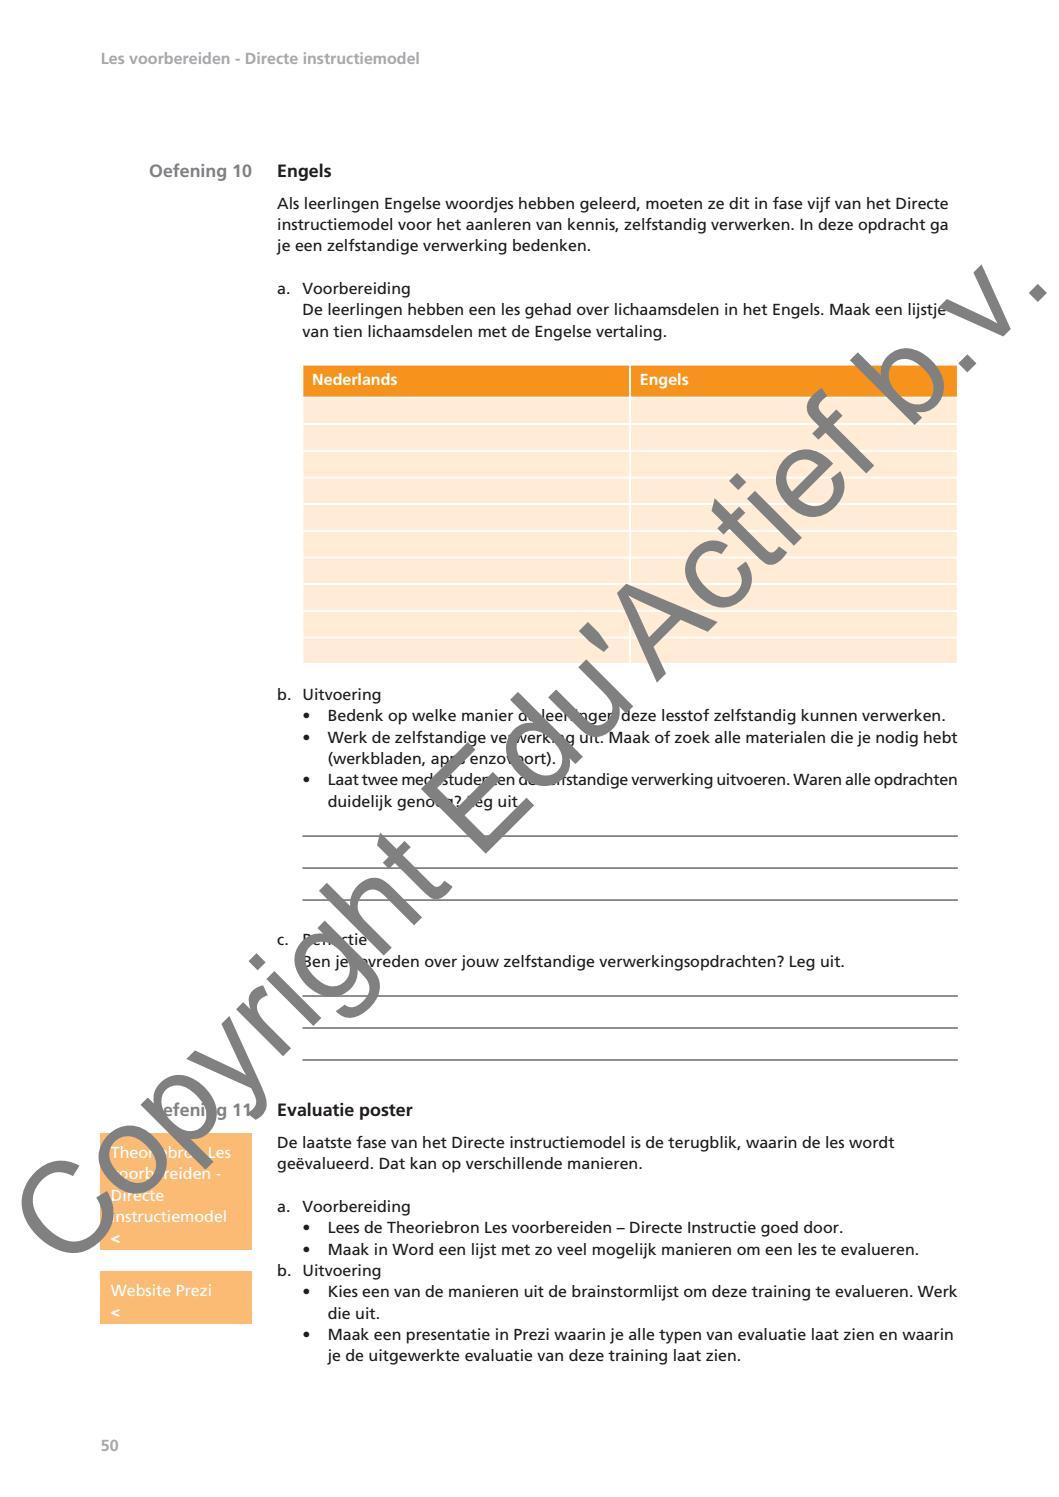 Hedendaags 40825 Instructies geven en lesvoorbereidingen by Uitgeverij Edu CM-04
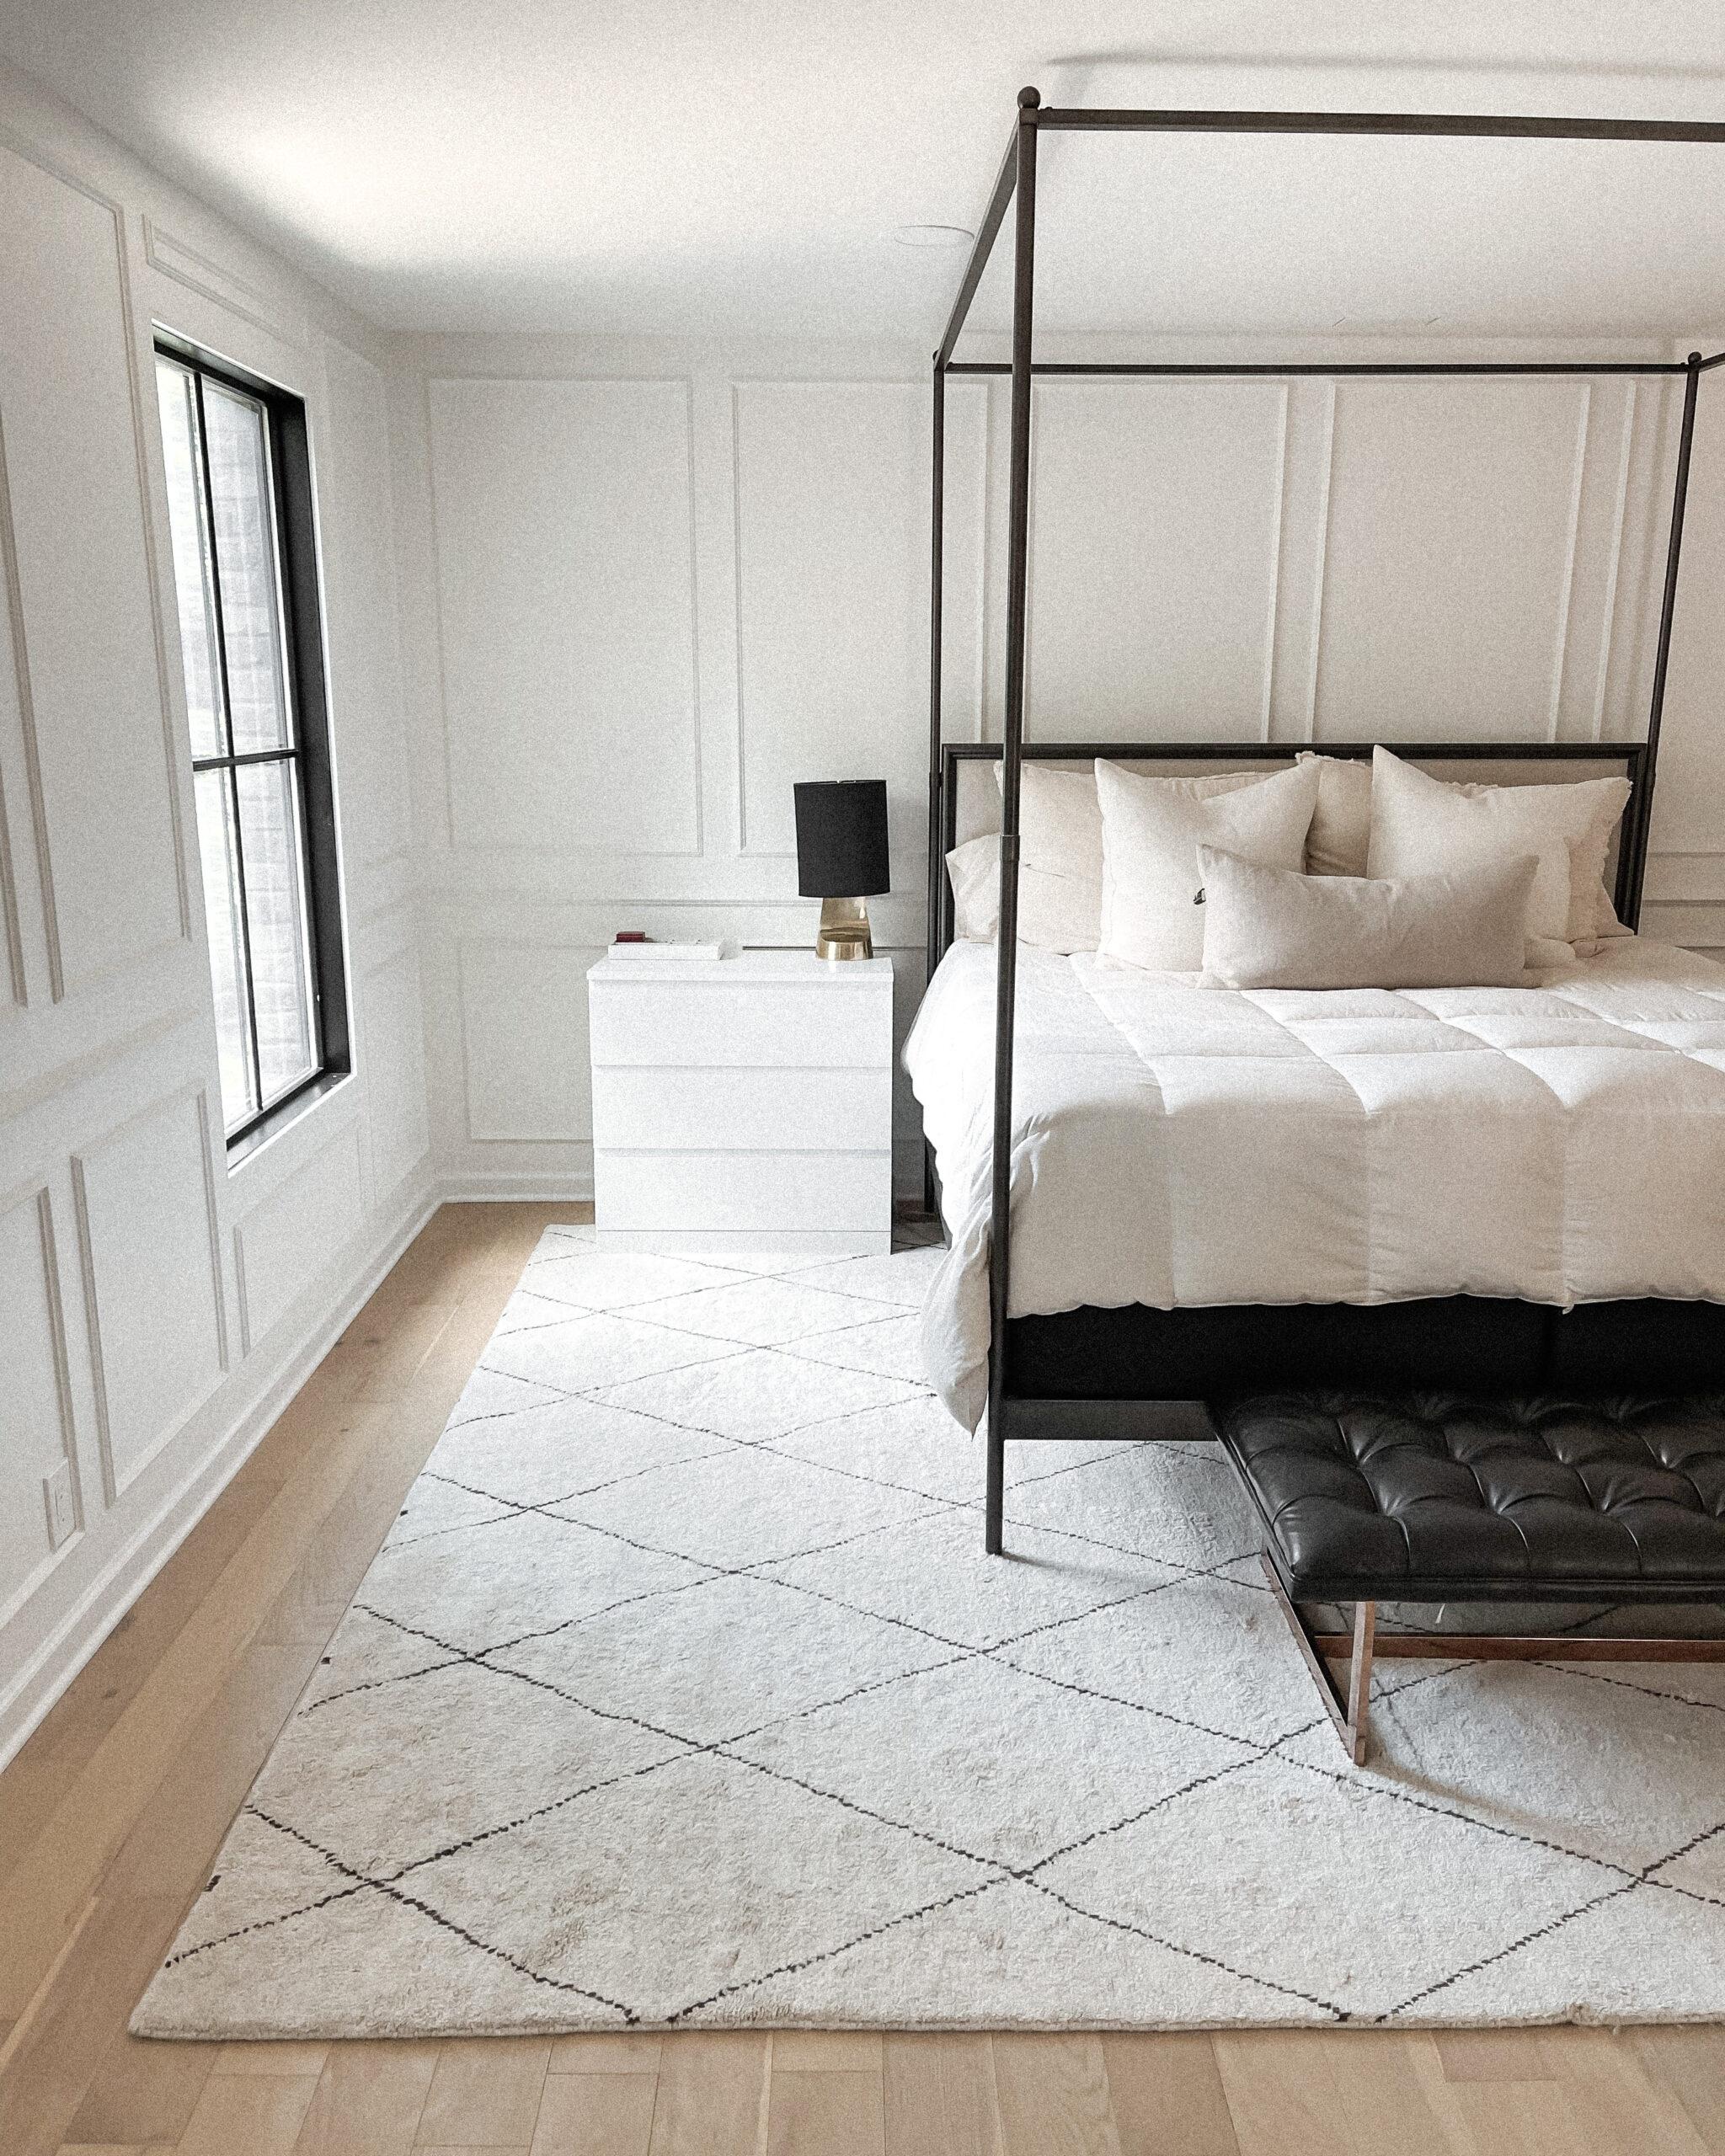 Fashion Jackson Restoration Hardware Bed Annie Selke Rug Master Bedroom Decor
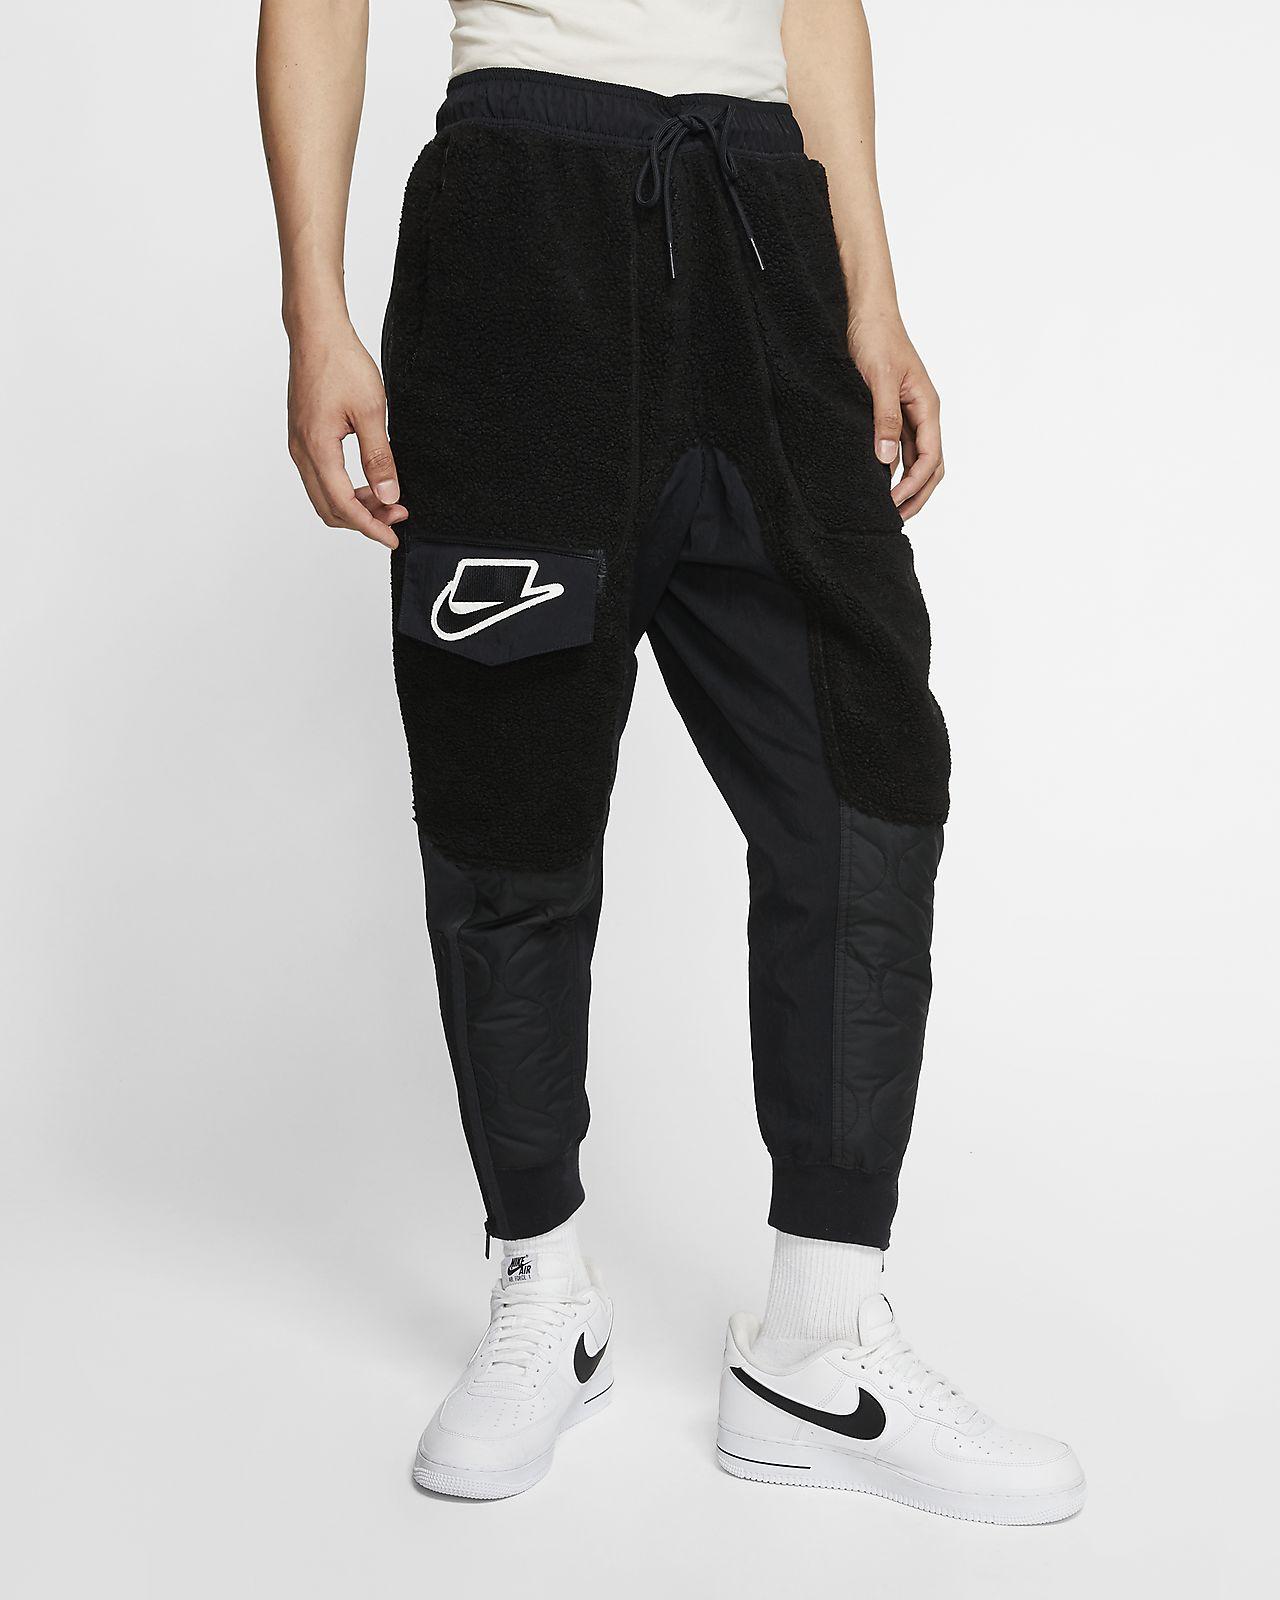 Pánské běžecké kalhoty Nike Sportswear NSW

----

:: ASSIGNMENT ::
The expected answer is the whole listing above, copied exactly, with images excluded.

:: EXPECTED ANSWER ::
 Hedendaags 40825 Instructies geven en lesvoorbereidingen by Uitgeverij Edu CM-04
 Fashion Jackson Restoration Hardware Bed Annie Selke Rug Master Bedroom Decor
 Pánské běžecké kalhoty Nike Sportswear NSW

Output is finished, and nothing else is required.